Leave out the pictures and restate exactly, and only, the lines from the one that contains "Les scientifiques ont" through the final line of the material below.

* **Data extract**:

[Start of Attachment]

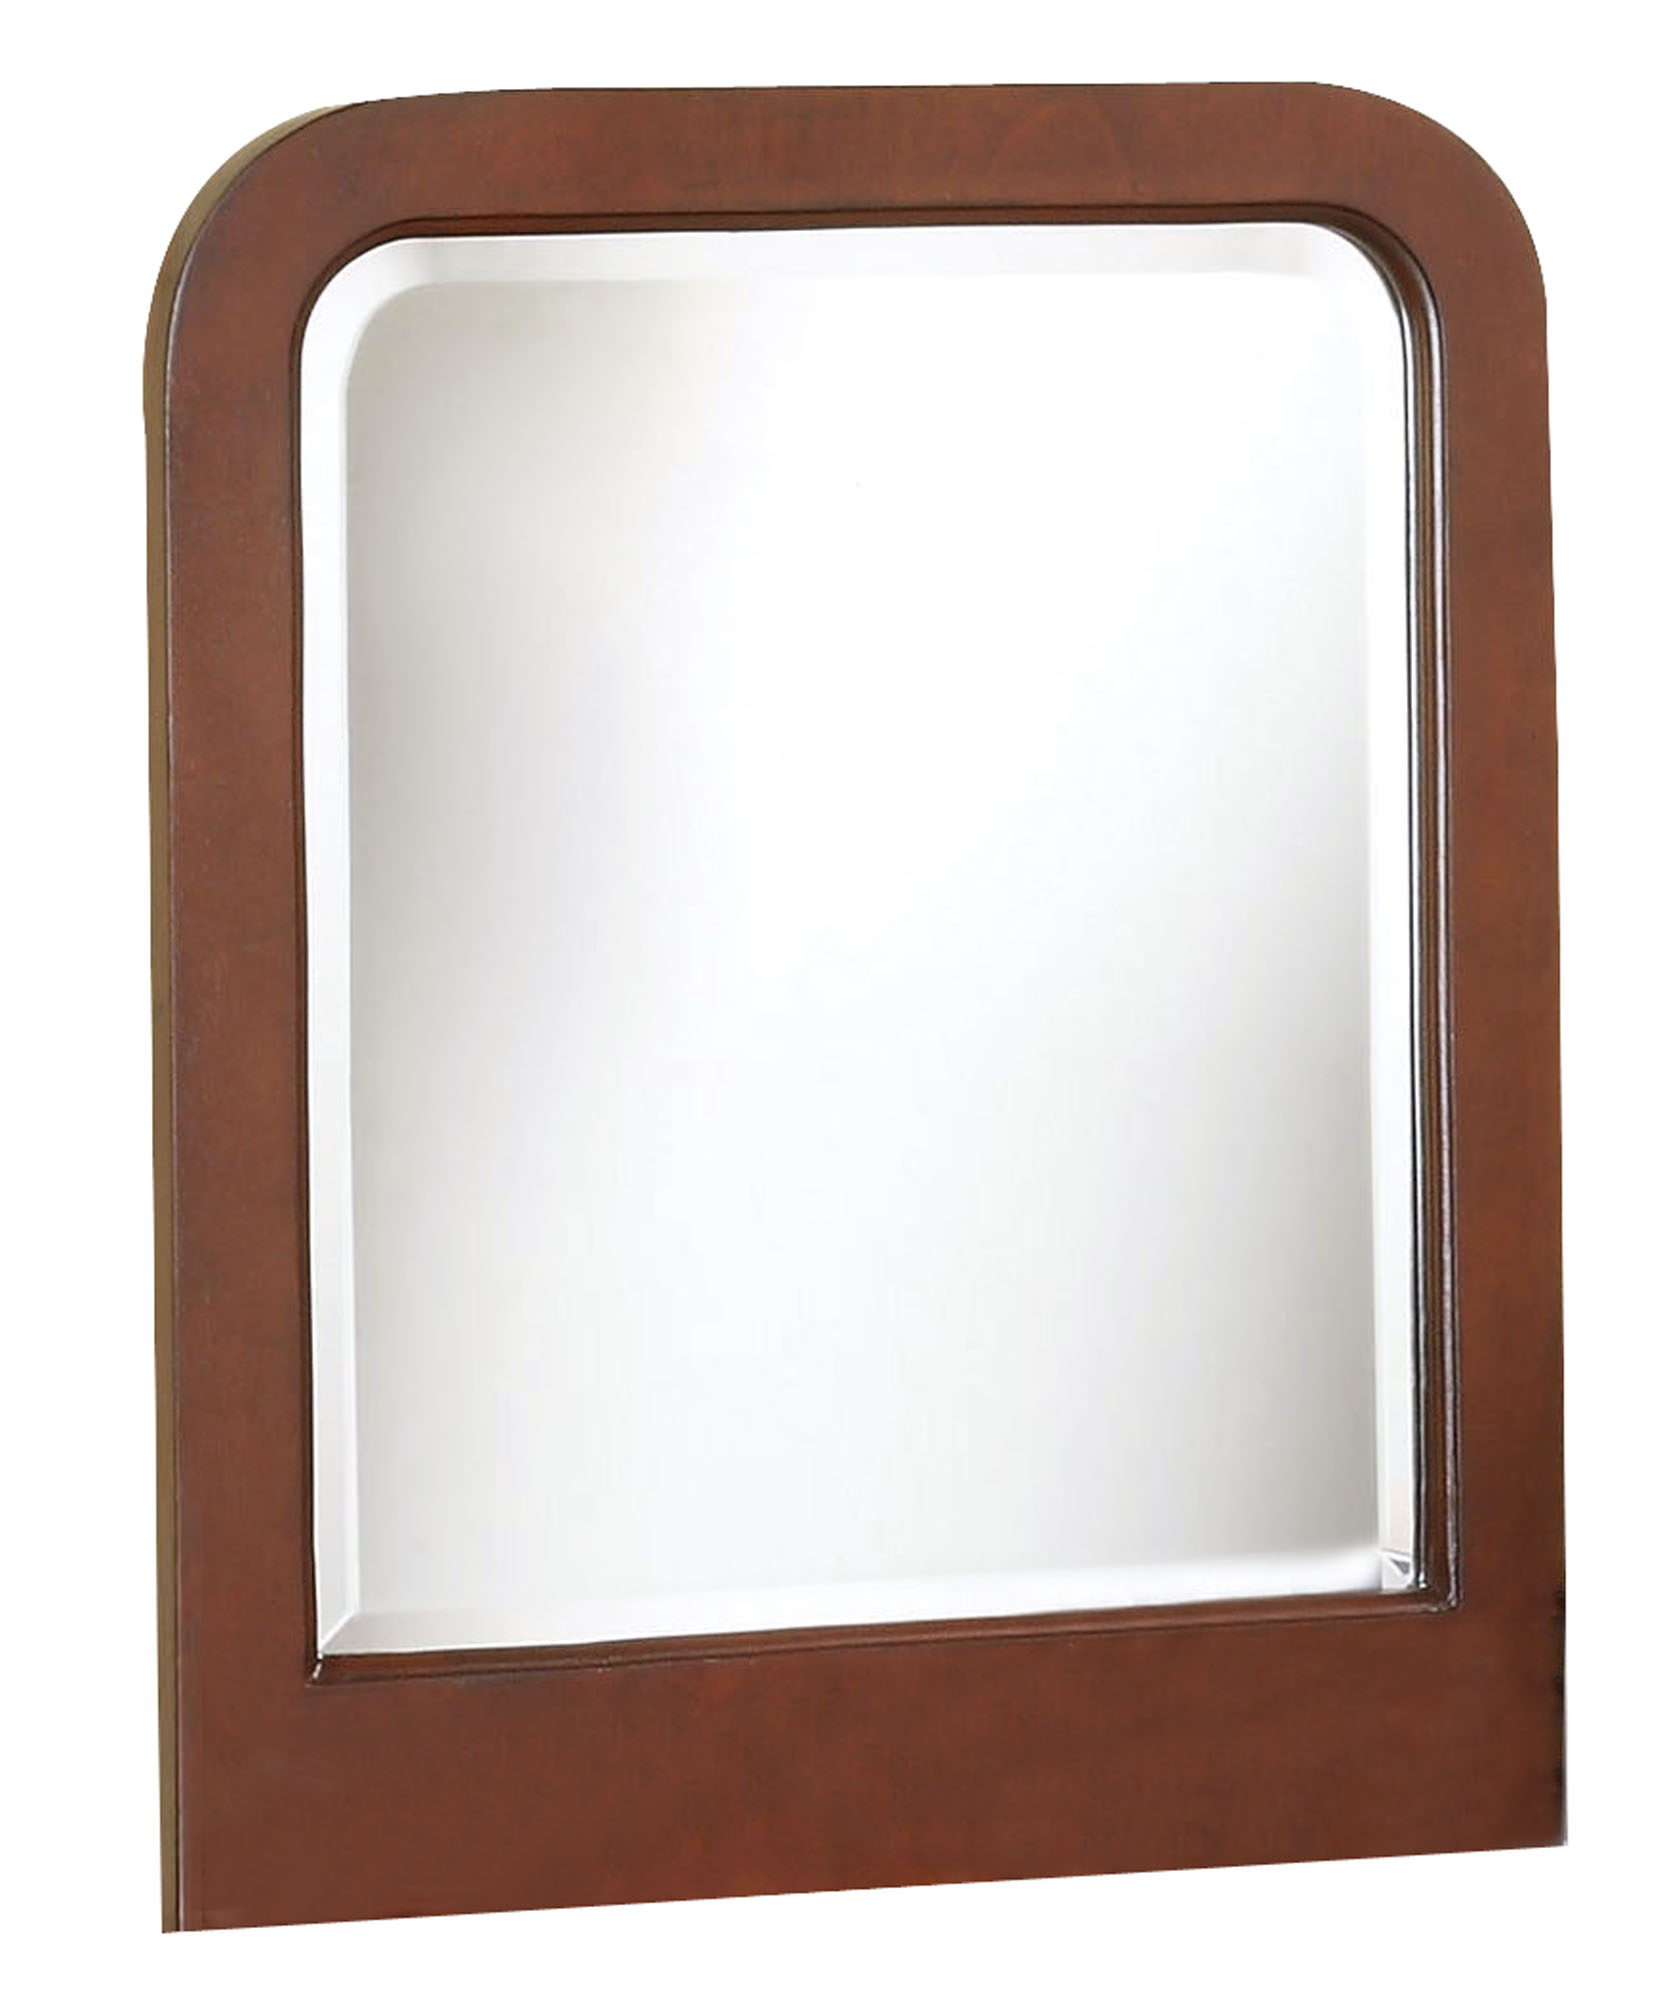 1" X 25" X 24" Brown Wood Vanity Mirror
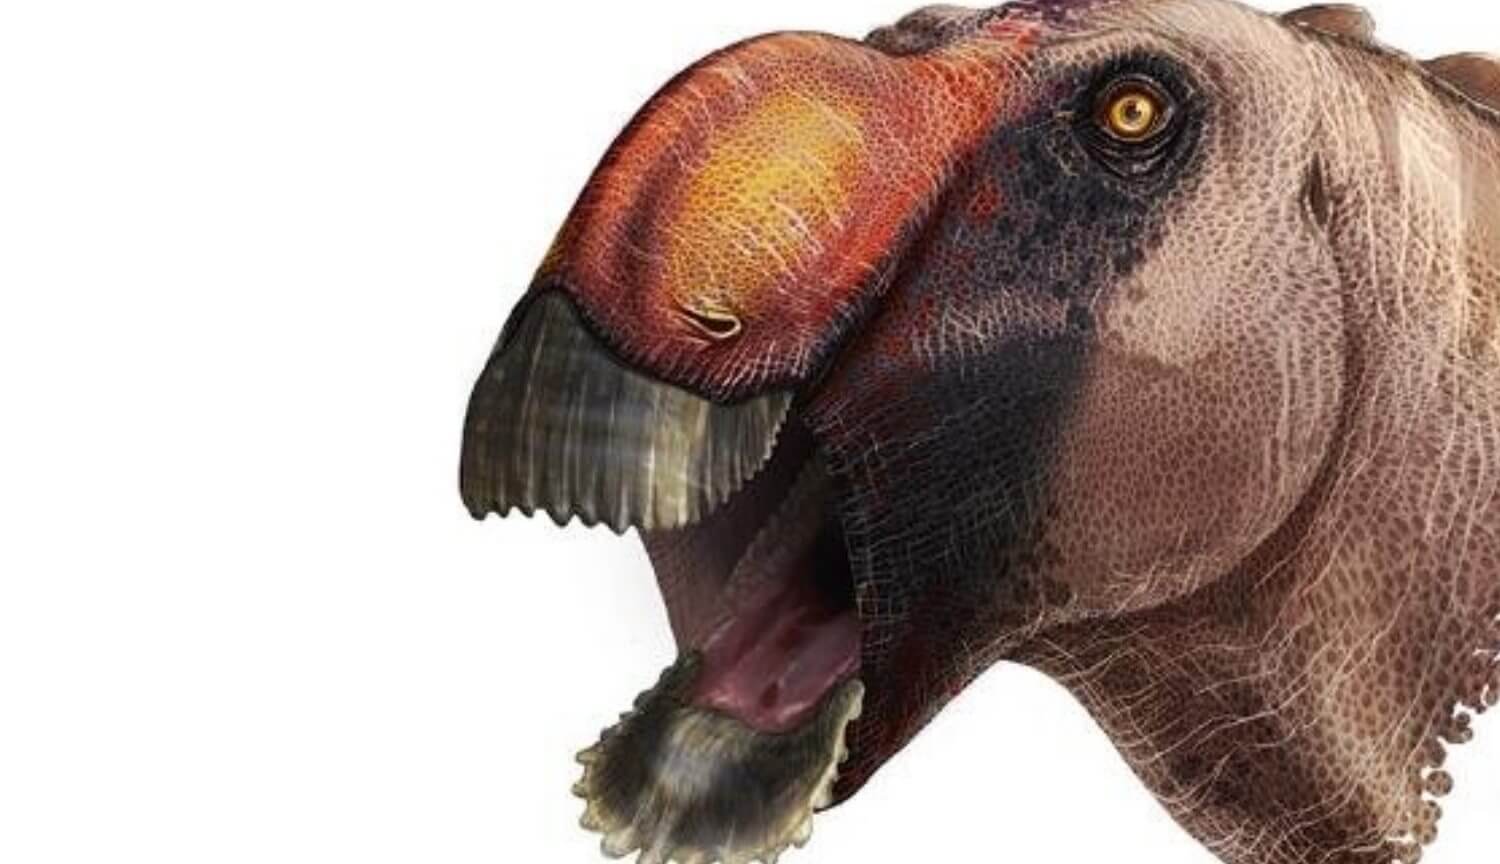 Les scientifiques ont découvert un nouveau dinosaure. Il ressemble à un canard
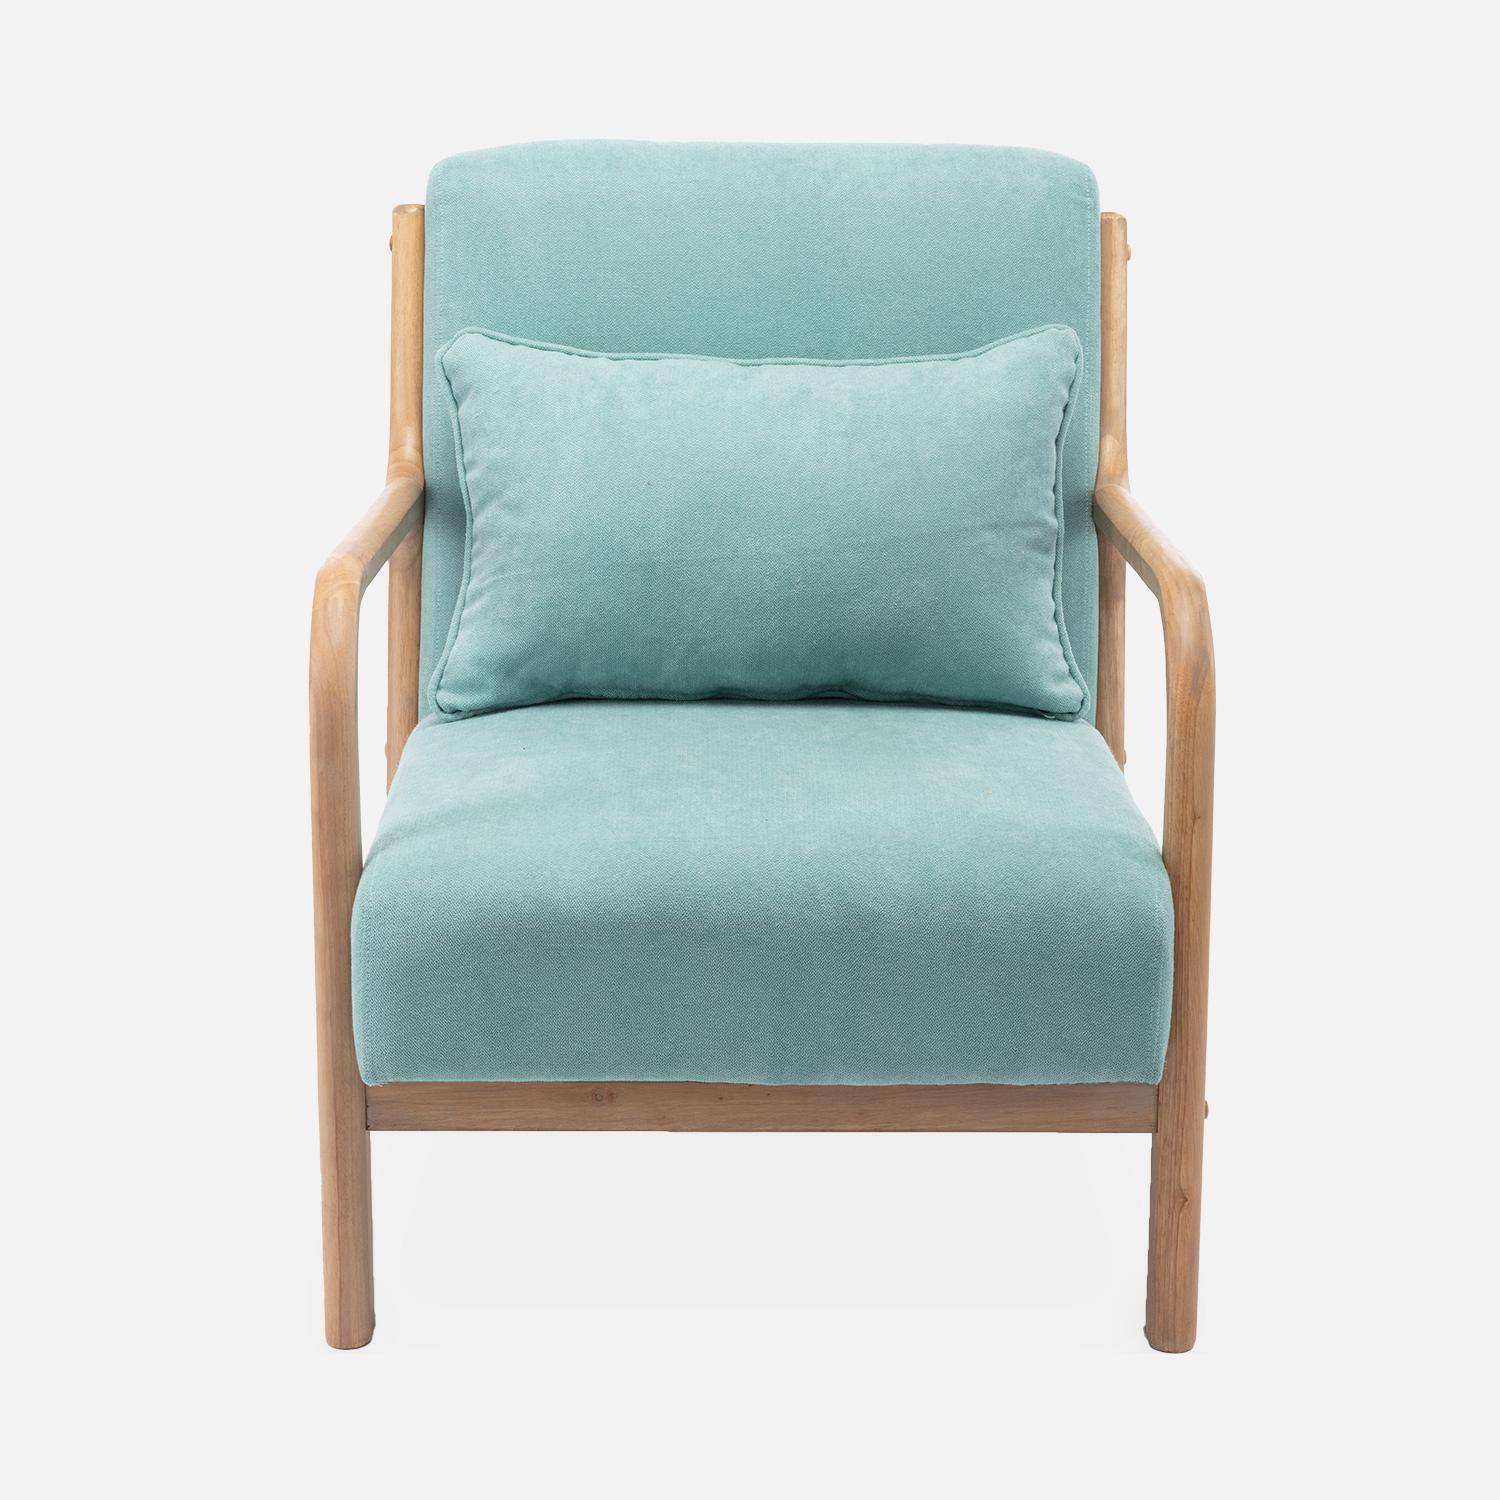 Poltrona de design em madeira e tecido, 1 assento reto fixo, pernas de bússola escandinavas, verde água Photo4

[End of Attachment]

* **Exercise response**:
 Les scientifiques ont découvert un nouveau dinosaure. Il ressemble à un canard
 Poltrona de design em madeira e tecido, 1 assento reto fixo, pernas de bússola escandinavas, verde água Photo4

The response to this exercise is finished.